What about in a tie game? Conventional TV commentator wisdom (and managers) would put that in the same category as being behind in the game I would think. Maybe not though. Let’s see where it actually stands in terms of the BE point.

The equation in a tie game is 2.5 * X – 4 * (1-X) = 0, which yields a BE point of 61.5%, slightly more “risky” than when up by a run.

Do we get the same pattern with 0 outs? Up by a run, the BE point is 66.2%, down by a run, it is 69.2%, and in a tie game, it is 65.5%. So, in this case, while being down by a run is still a more risky situation to attempt a steal, a tied game is actually *less* risky than when up by a run – by a hair. So, I think we can safely put the tie game situation into the “up by a run” bucket and call it a *low* risk situation for attempting a steal, at least as compared to being down by a run. Again, from an absolute perspective, who would think to call a requisite success rate of 65 or 66% *low risk* and one of 69% *high risk*?
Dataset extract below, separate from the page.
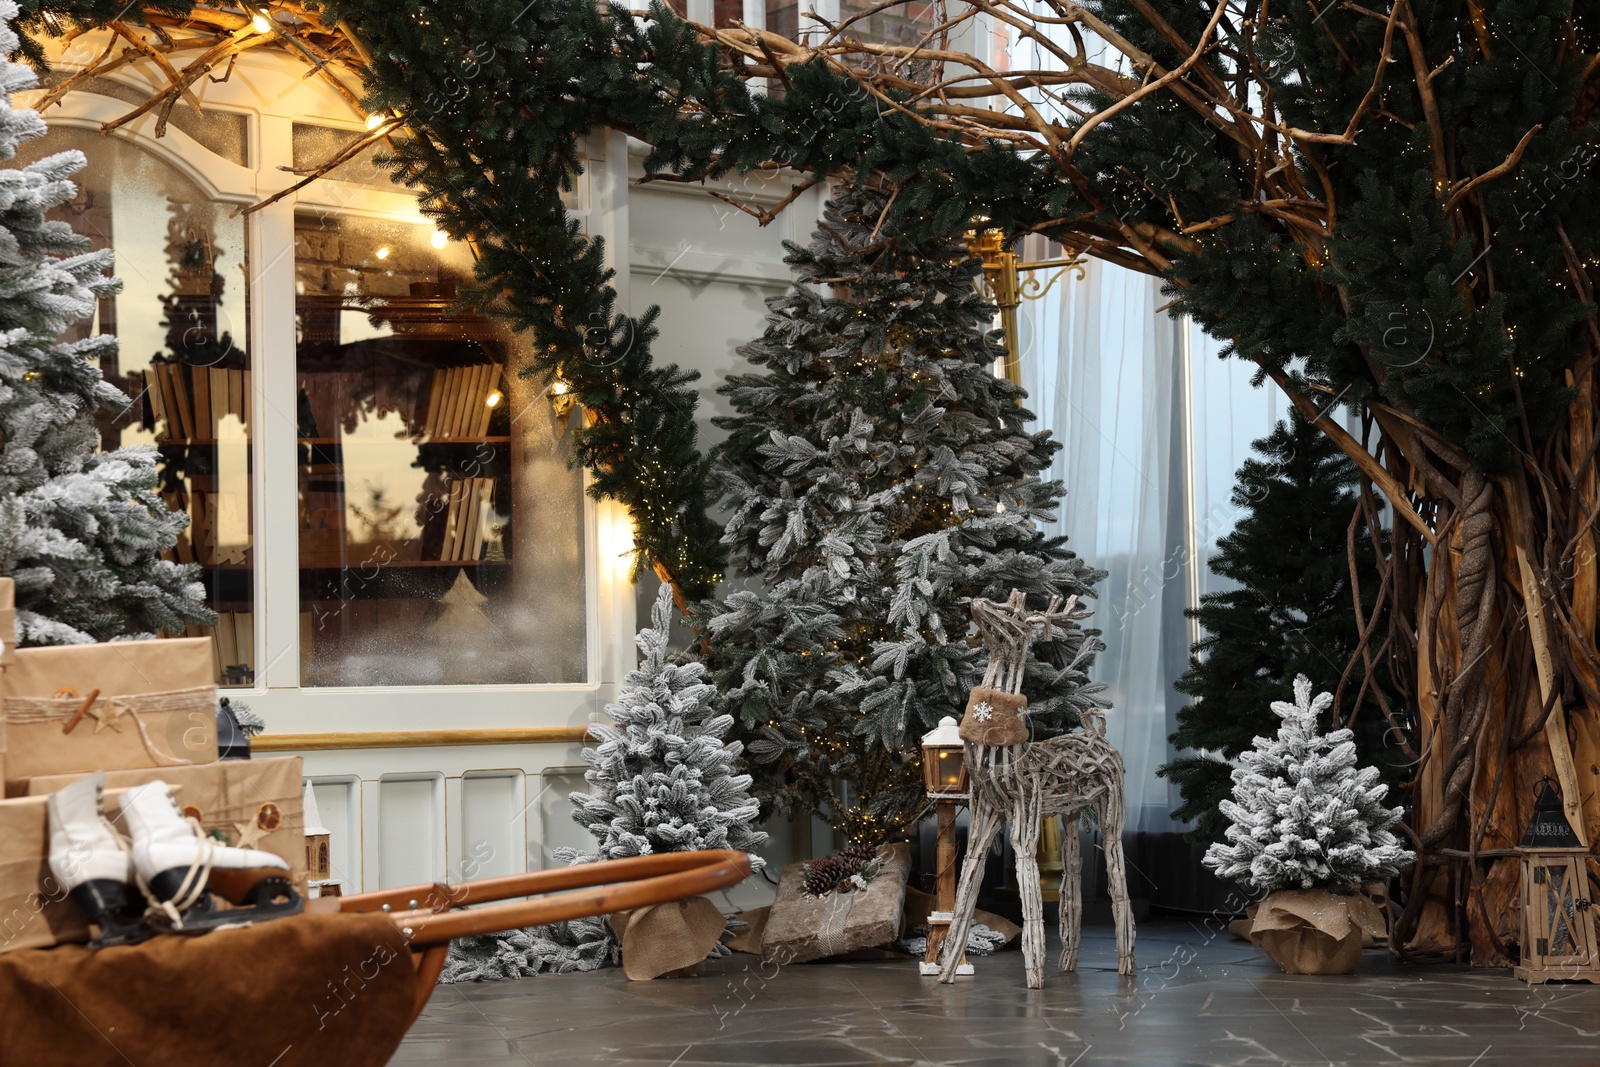 Photo of Beautiful Christmas trees, many gift boxes, skates and festive decor indoors. Interior design
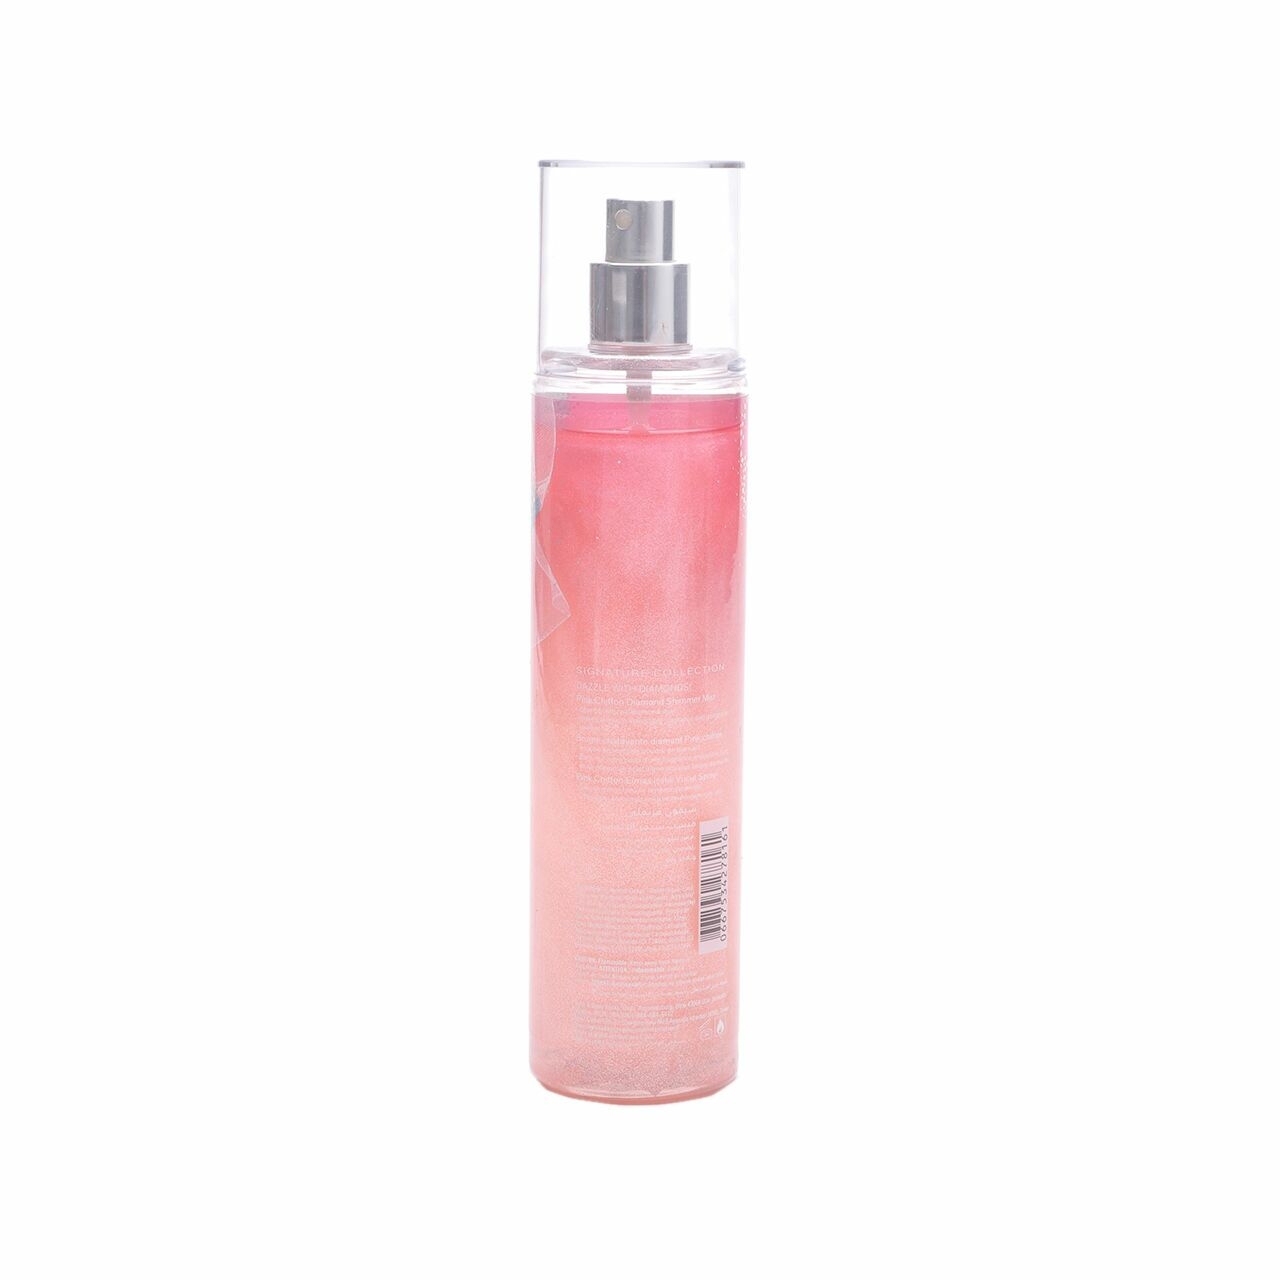 Bath & Body Works Pink Chiffon Diamond Shimmer Mist Fragrance

What about with a 3 run lead? Most commentators, I think, would call this a, “What the heck, go for it situation – you have nothing to lose.” If you attempt a steal and get thrown out, you only lose .59%, so, sure, what the heck, who cares? You are going to win the game over 93% of the time either way. If you succeed, you gain only .31%, so, now it’s more like, ”Why try it in the first place? The runner might get hurt.” In any case the BE point is 65.6%, so it is really no more or less “risky” than anytime else unless you want to define risk by the downside. In other words, it would be silly to recklessly attempt a steal when the BE point is a thoroughly typical 66%. If you do attempt a steal with a poor base stealer, you are needlessly giving away win expectancy, albeit a very small amount (and risking an injury). So really, rather than, “What the heck, we have nothing to lose,” the mantra should be, “We have almost nothing to gain, so why risk an injury?”

Let’s try one more thing. What about going from 1^{st} to 3^{rd}, with one out (which is always the number of outs with the lowest BE point when trying for third base – of course)? Is it better to take a risk with a lead or a deficit. We found that with the stolen base (of second), it is slightly better to take the risk with a lead where “risk” is defined by the BE point – the lower the BE point, the lower the risk.

If we go from 1^{st} to 3^{rd} on a single with a 1 run lead and 1 out in the bottom of the 7^{th}, we increase our chances of winning by 5.66%. If we get thrown out at third, it goes down by 2.38%. If we don’t send him, we gain 3.75%. The BE point is therefore 63.8%. (If any third base coaches are reading this, keep that in mind – your runner needs at least a 64% chance of being safe at third for you to send him in this situation!)

Same thing, but down by a run? We pick up 14.86% with a successful stretch, and lose 6.14% when he gets thrown out, and gain 7.46% when we hold the runner on second. So the BE point is 68%.

So, similar to the stolen base, we need a higher success rate when down by a run as compared to leading by a run, but not by *that* much.

In a tie game, the BE point is 63%, the lowest of the 3 run differentials, by a hair, again, similar to the stolen base situation (a tie game is essentially the same as being up by a run).

So there you have it. The first Question of the Day, asked and answered!